Posted November 30, 2010 at 11:36:29 AM
MSW
Once upon a time Americans who leaked this sort of information would have been tried for treason. Why isn't that done any more? The world's gone crazy!
Posted November 30, 2010 at 12:44:47 PM
David
Nothing is done because Julian Assange is one of us. He has yet to be indicted for anything. Almost as if the government wanted the data dump. Strange is it not?
Posted November 30, 2010 at 1:27:28 PM
J Henry Jr
Ahmadinejad, Hugo Chavez and the nitwits of North Korea have something in common with Darth Sidious, er George Soros and Osama, they are all cheering Julian Assange. Why is the silence in D.C. so deafening? Could the lefties in the White House be snickering behind closed doors? A friend went through the wikileaks site and noticed something very interesting. There is a specific lack of Clinton era documents that have been leaked. What's up with THAT and why hasn't THAT been reported yet?
Posted November 30, 2010 at 4:50:36 PM
Pamela Heckel
The first set of leaks confirmed that Saddam had weapons of mass destruction - vindicating President Bush. This next set provides justification for the sale of all those fighter jets to Saudi Arabia. On the DR Show today the guests were all talking about military options for the US to take out Iran's nukes. Since the Arabs in the region hate Iran, I suggest that THEY handle this themselves. Our troops have bleed enough for the King.
Posted November 30, 2010 at 9:02:49 PM
Mary Ann Ludwig
The quote is: Those whom the gods would destroy, they first make proud. Not "mad". Even more applicable. Personally, I think it is despicable to blast these privileged communications all over the internet. Whether or not you think honesty is the best policy, these were sent confidentially with the expectation of remaining private forever. It's a little like whispering, "Boy is Grandma's butt huge" at a family reunion and then seeing it on the evening news later that night. How necessary what that really?
Posted November 30, 2010 at 9:43:14 PM
Gordon DeSpain
The very few Wikileaks I've read, so far, feature the "Great Lady" Klington having a pyrrhic moment on the altar she's built to worship herself. There are things one might like to say about someone that are best left unwritten, especially in an electronic medium that is so easily tapped.
Wellsprings of knowledge should ne'er be left to become gushing Geysers of ignorance and malice.

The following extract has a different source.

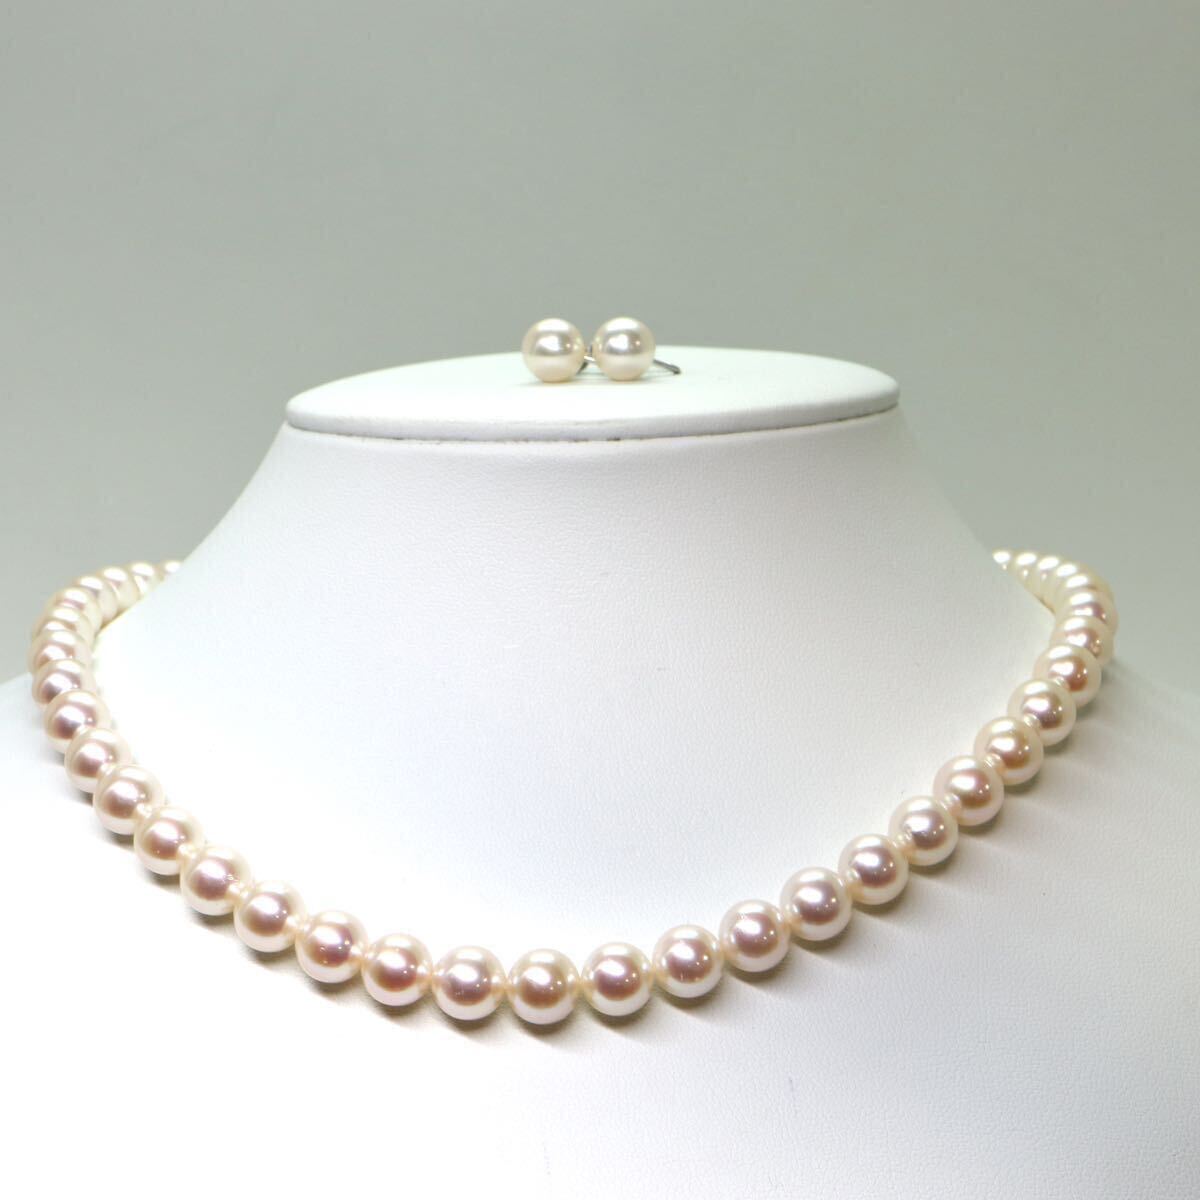 美品!!TASAKI(田崎真珠)箱付!!《アコヤ本真珠ネックレス/K14WGイヤリング》M 44.5g 約8.0-8.5mm珠 約42cm pearl necklace jewelry EA6/EF6_画像3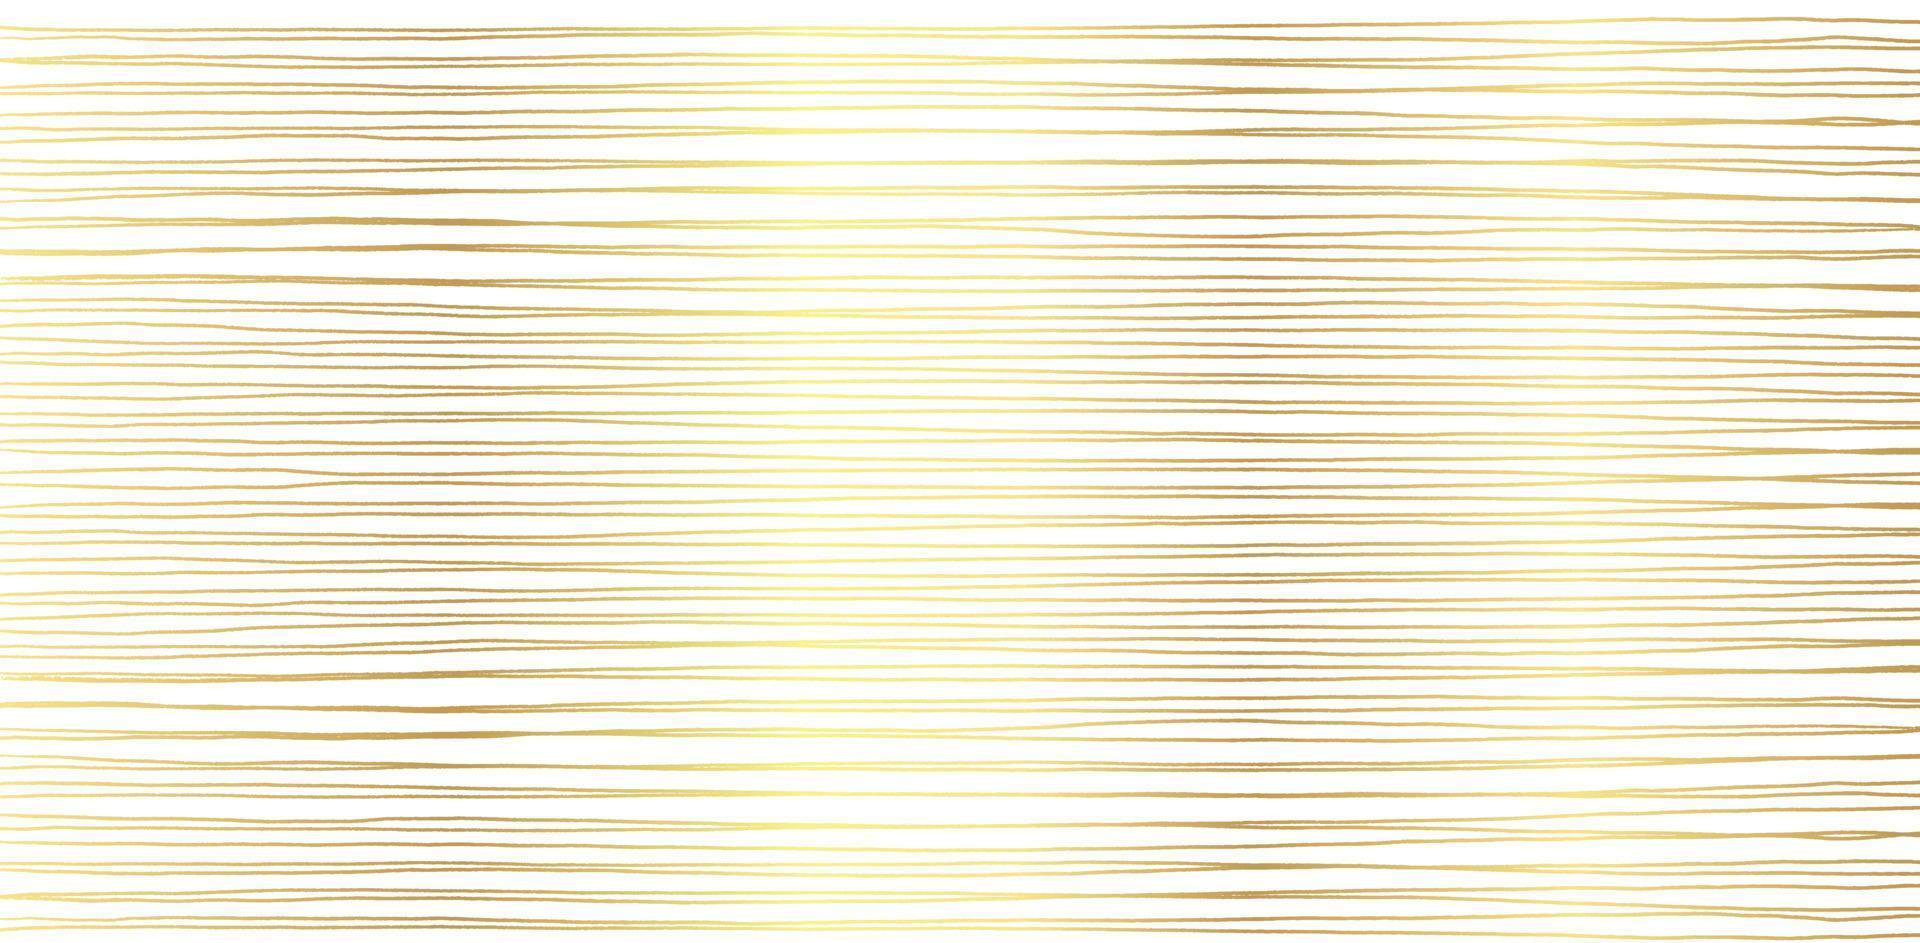 patrón abstracto dibujado a mano con líneas doradas dibujadas a mano, trazos. conjunto de pinceles de grunge de vector. rayas onduladas, ilustración vectorial eps 10 vector

Posted December 1, 2010 at 12:27:05 AM
Ron
If Wikileaks really wants to leak something important, let's start with Obama's college records, health records, and his real birth certificate. Then we can have the impostor removed from office immediately.
Posted December 1, 2010 at 1:18:47 PM
Flash
The only thing the NY Times is concerned about is selling newspapers.
Posted December 1, 2010 at 3:56:25 PM
karl anglin
Espionage, for the most part, involves
finding a person who knows something or
has something that you can induce them
secretly to give to you. That almost
always involves a betrayal of trust.